▶ _THE TASK_:
Repeat only the lines from the one containing "Still of Kathy" to the final line below, exactly as they read, and leave every picture out.

▶ _COLLECTED DATA_:
╔══

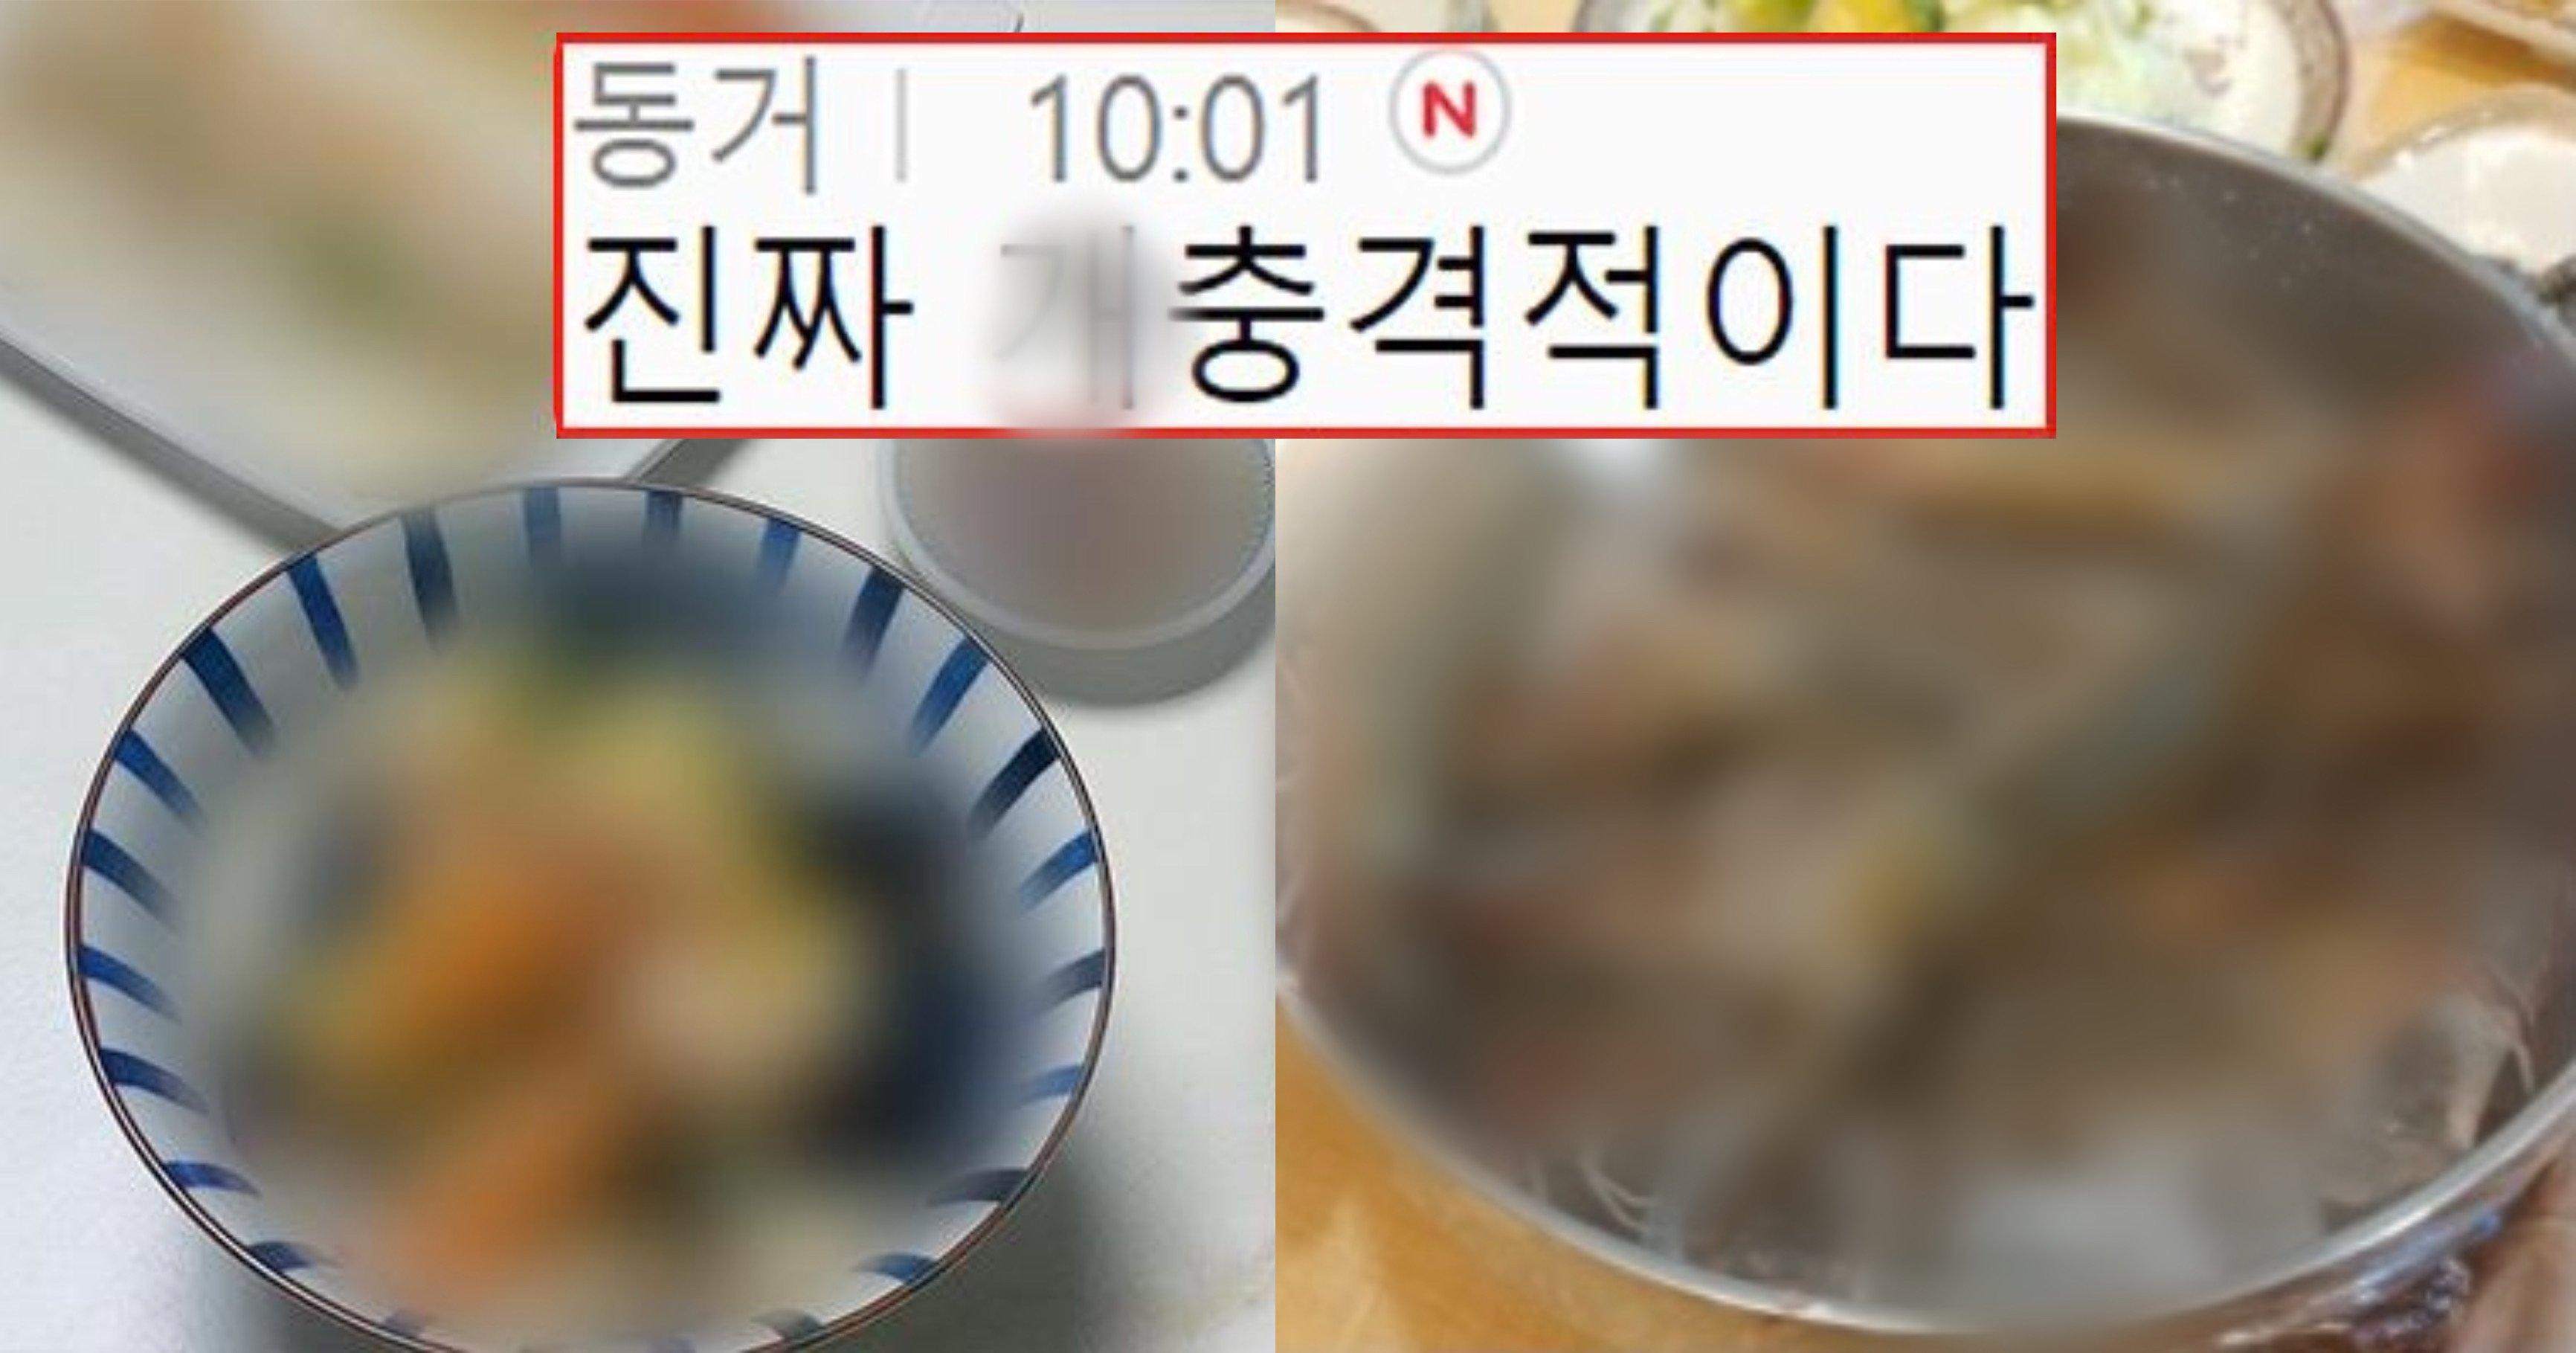 """63cf9638 73e3 4ee2 bd15 a88f0162a19c.jpeg?resize=1200,630 - """"이거 먹을 수 있는 사람..?"""" 먹는 방법 때문에 호불호 제대로 갈리는 회"""
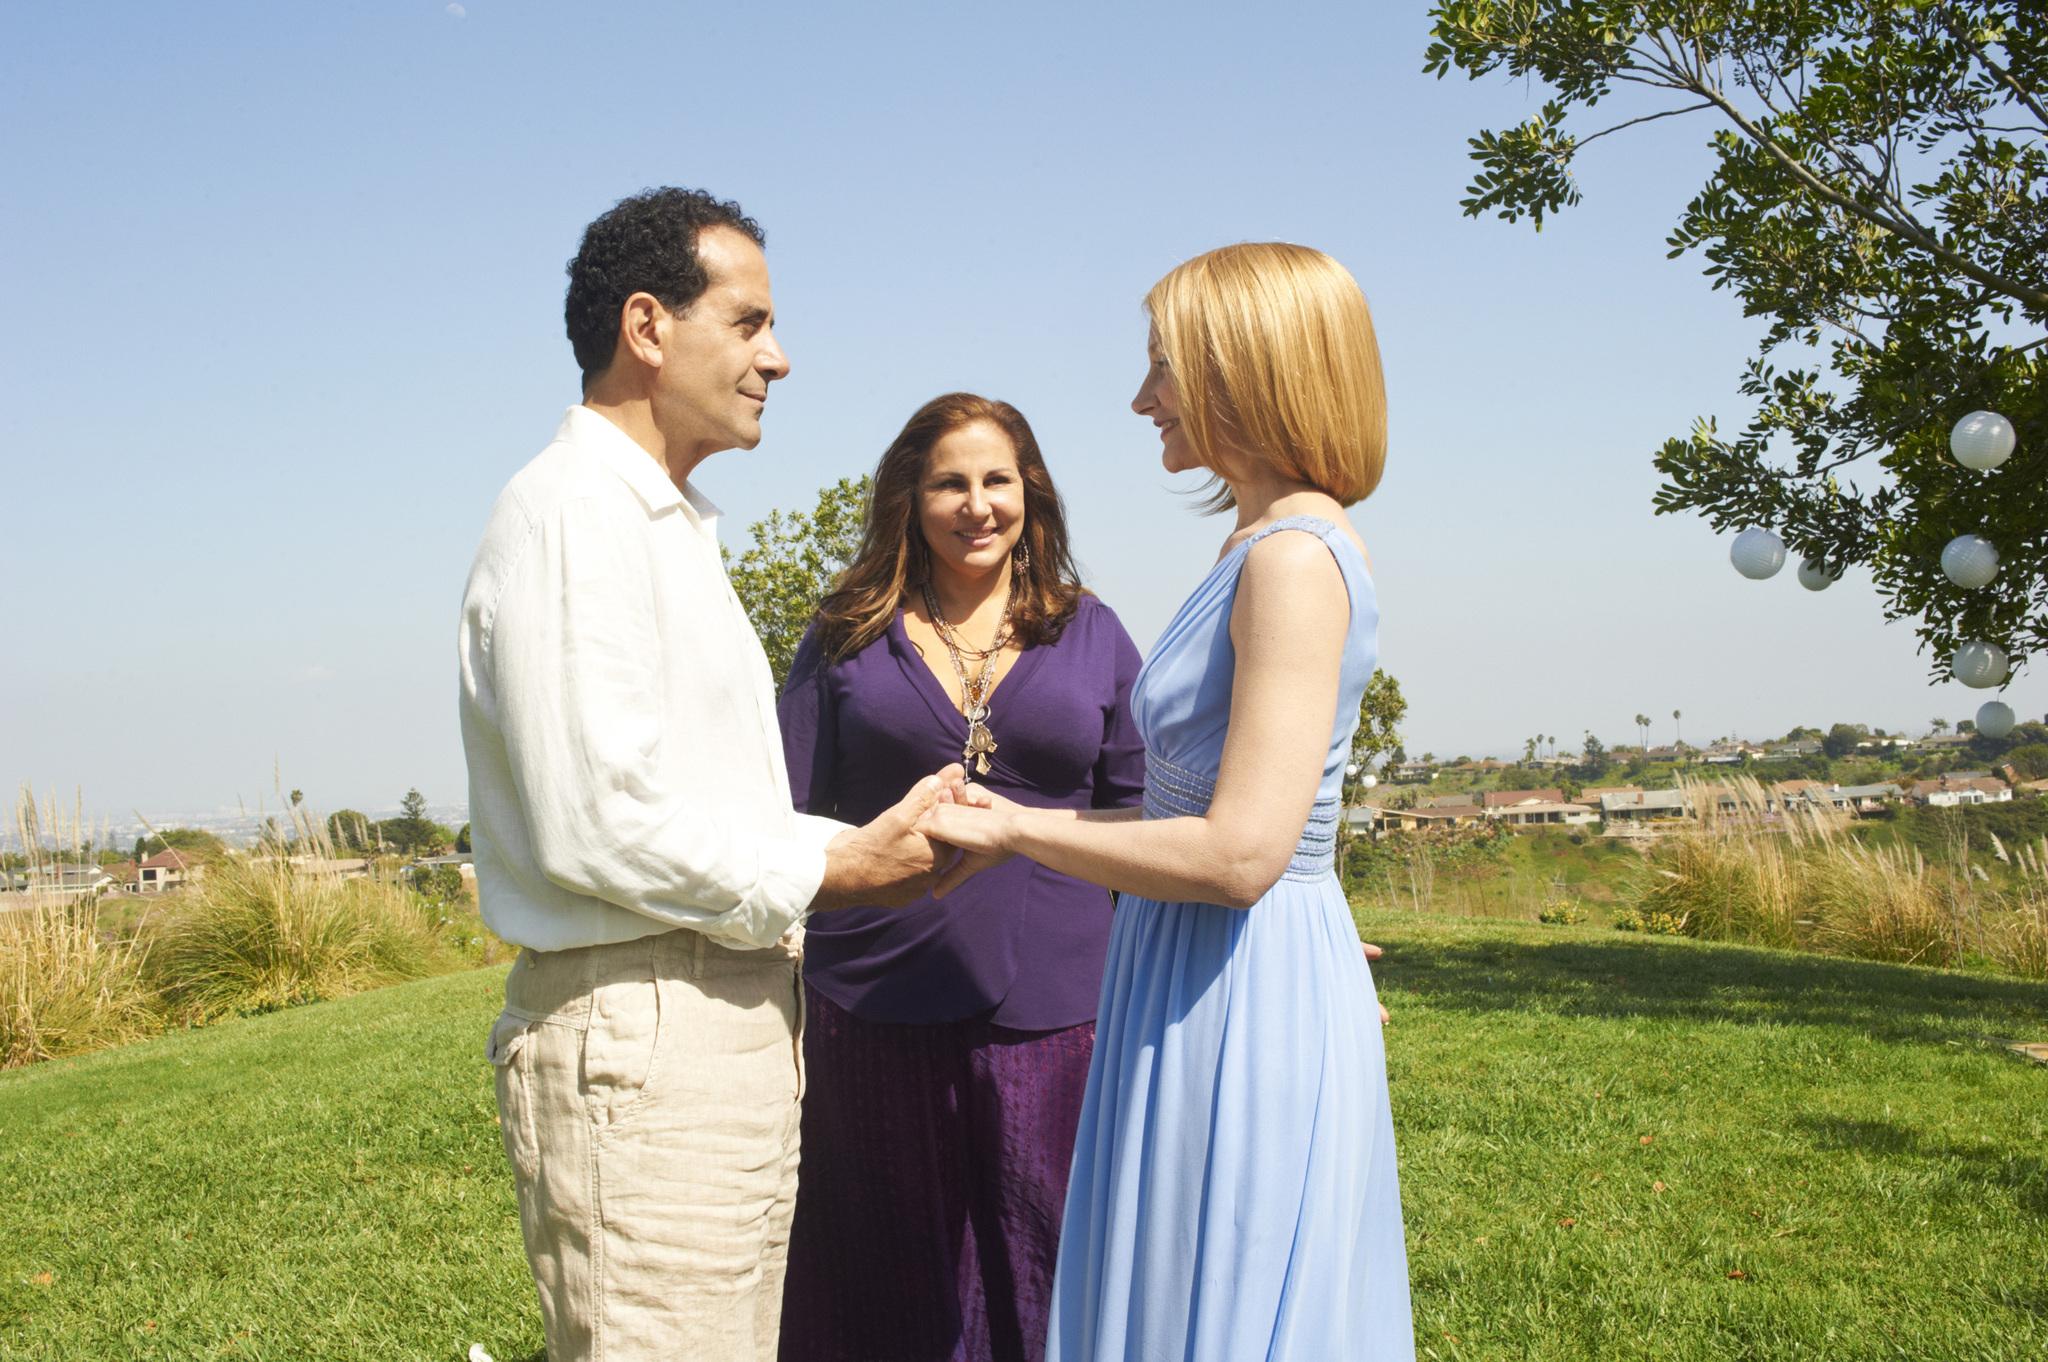 Still of Kathy Najimy, Tony Shalhoub and Patricia Clarkson in Five (2011)
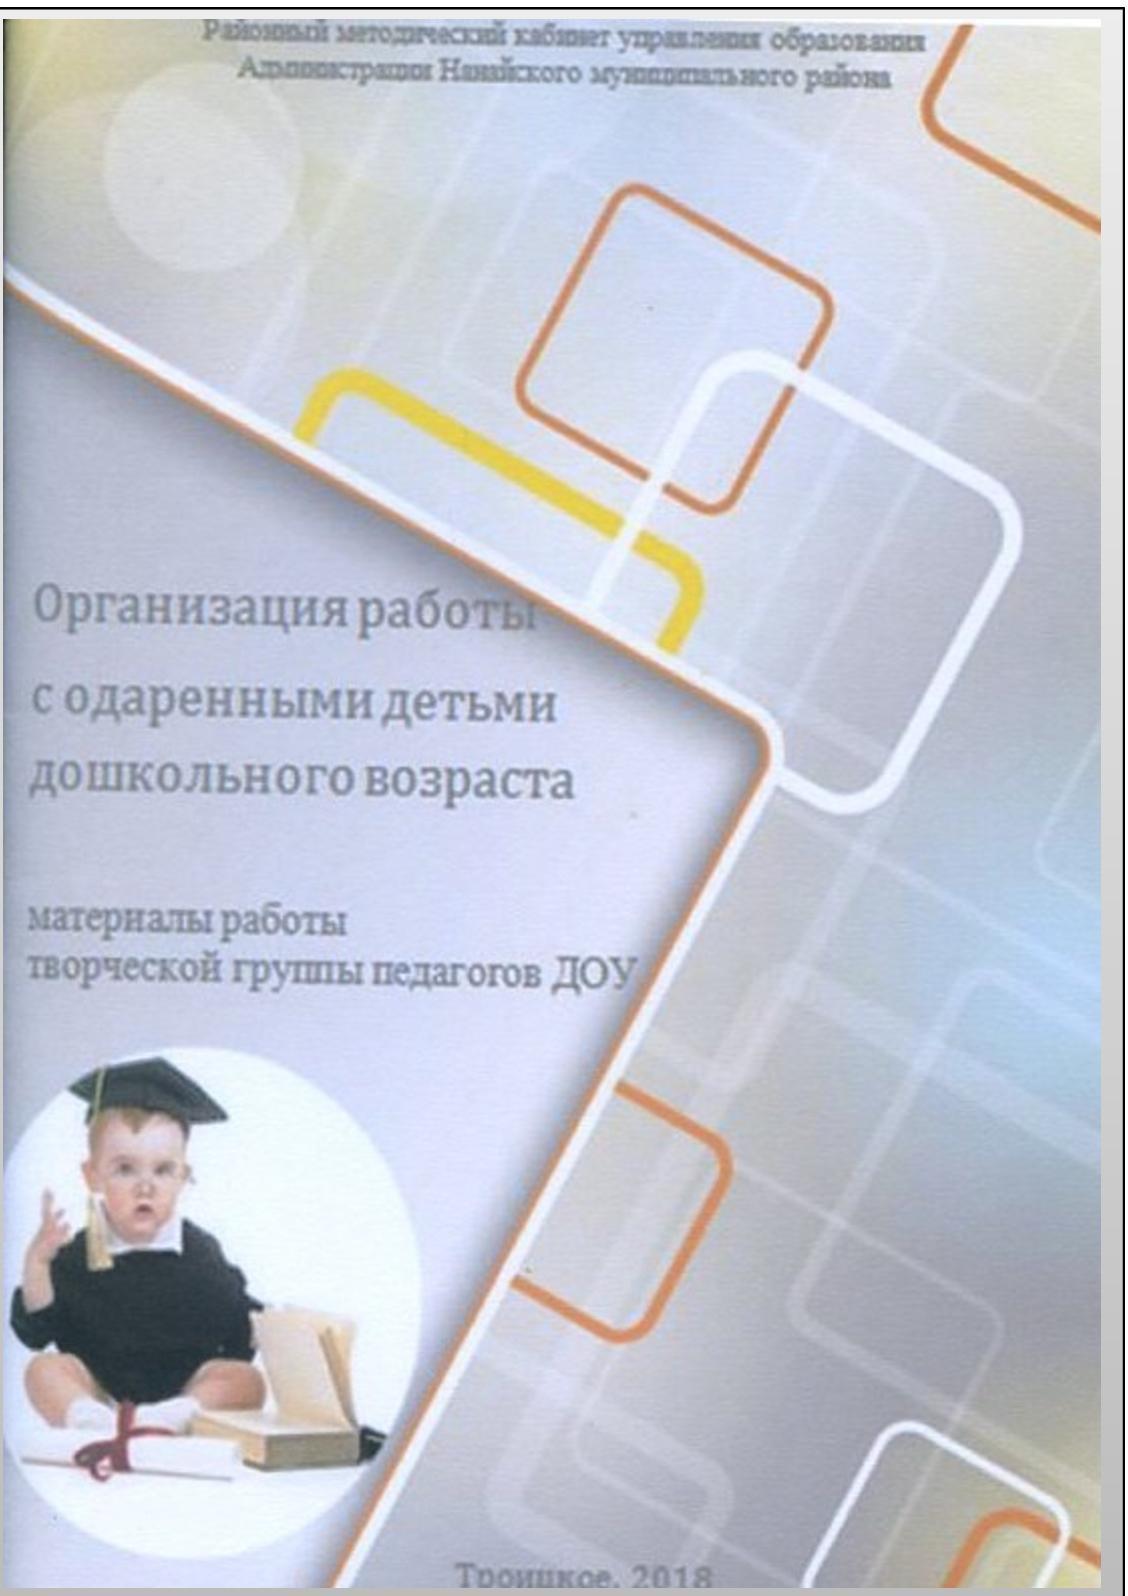 Девушка модель работы с одаренными детьми в общеобразовательной школе экономико математические модели и методы курсовая работа

╚══

▶ _PROBLEM SOLUTION_:
 Still of Kathy Najimy, Tony Shalhoub and Patricia Clarkson in Five (2011)
 Девушка модель работы с одаренными детьми в общеобразовательной школе экономико математические модели и методы курсовая работа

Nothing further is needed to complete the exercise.